You’ll then be sent a ‘charge for payment’ letter asking you to pay the amount due within 14 days. What you need to do next is complete the ‘time to pay order’ form sent with the letter, and return it to the sheriff’s office with an offer of payment.
If your offer’s accepted and you make the payments as agreed, your local authority won’t take any more action.
If you don’t apply for a time to pay order, or don’t make the agreed payments, they’ll try to collect the unpaid tax by:
- taking payments straight from your wages using an earnings arrestment, or
- taking money straight from your bank account using a bank arrestment.
Like the options in England & Wales, local authorities also have the following options. But, these should only be used as a last resort if there’s no other way to collect the arrears.

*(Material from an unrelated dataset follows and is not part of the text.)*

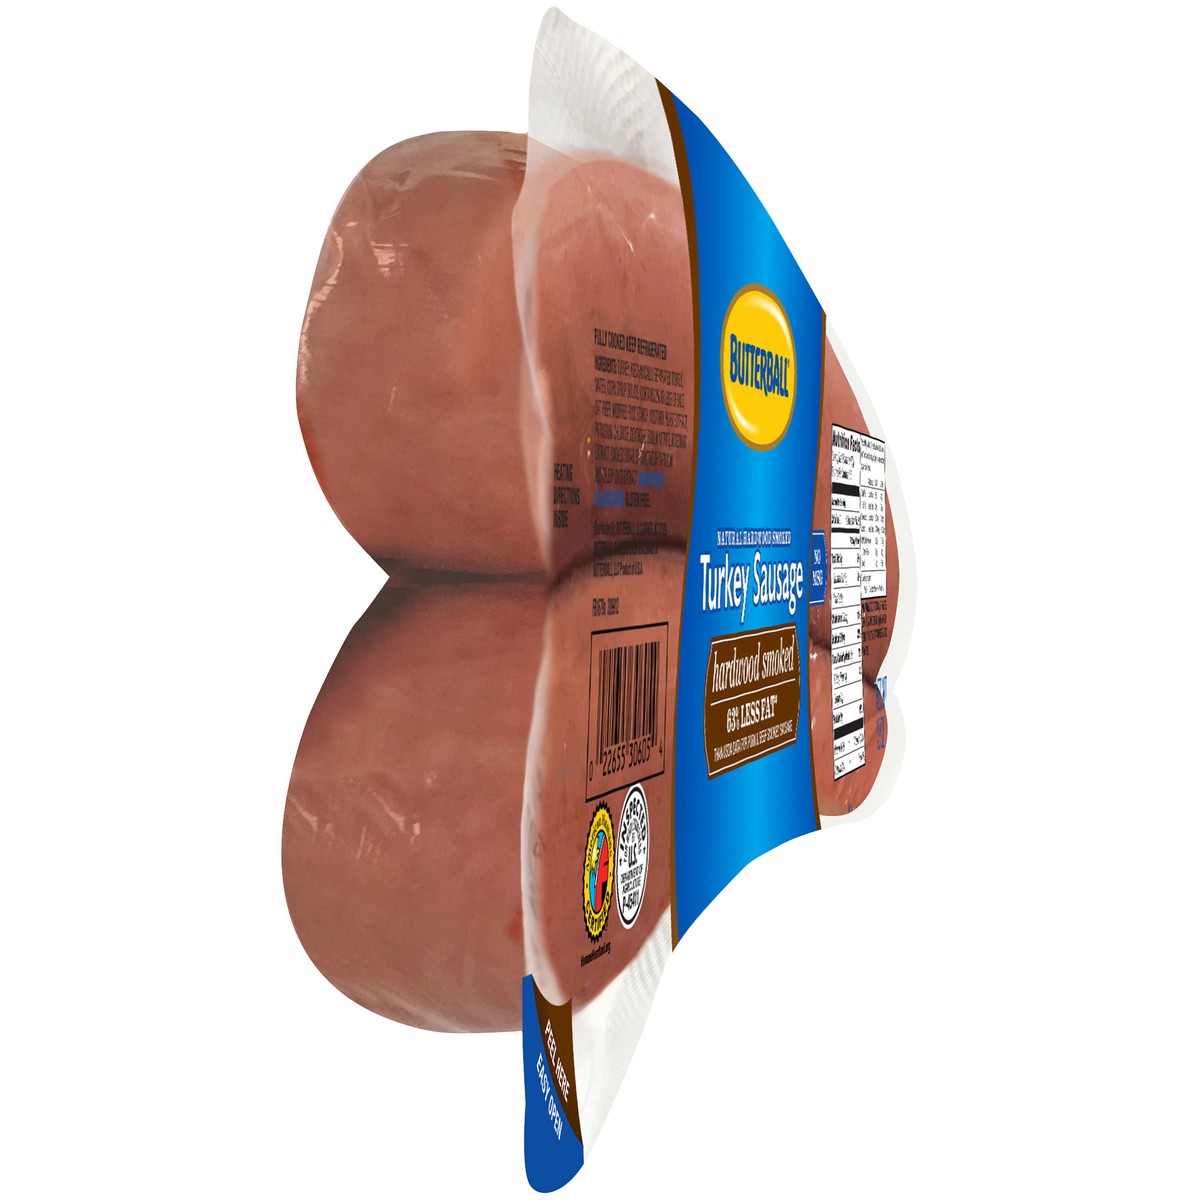 slide 13 of 14, Butterball Smoked Turkey Dinner Sausage - 2 Count 13 Oz, 14 oz

- Sheriff officers could take goods from outside or inside your home
- If you owe more than £3,000, sequestration (Scottish bankruptcy) could be an option
Can I get my council tax cheaper?
Not enough people know that you might qualify for council tax relief if:
- You live on your own
- You live with a full-time student, apprentice or someone who is ‘severely mentally impaired’
- You’re on a low income
- You’re above pension age
- Someone in your house is disabled and the property has been adapted
If you’re not sure, or just curious, you can use our online benefits calculator to see if you’re entitled to any help with your council tax.
Council tax is charged in bands, where more expensive houses are in a higher band and pay a higher annual bill. Band A is the cheapest and bands H and I are the most expensive. Check your council tax bill to see which band your house is in.
If you think your band is wrong, you can ask for it to be reassessed. You can save money if your house is changed to a lower band, but it’s not guaranteed, and could even go up! There’s loads of useful info on lowering bands on MoneySavingExpert.com if you’re looking into it.
I need help with my council tax arrears
If you’ve missed council tax payments, are struggling with arrears, or received letters from your council about missed payments, it’s important to get debt help before your local authority takes any further action.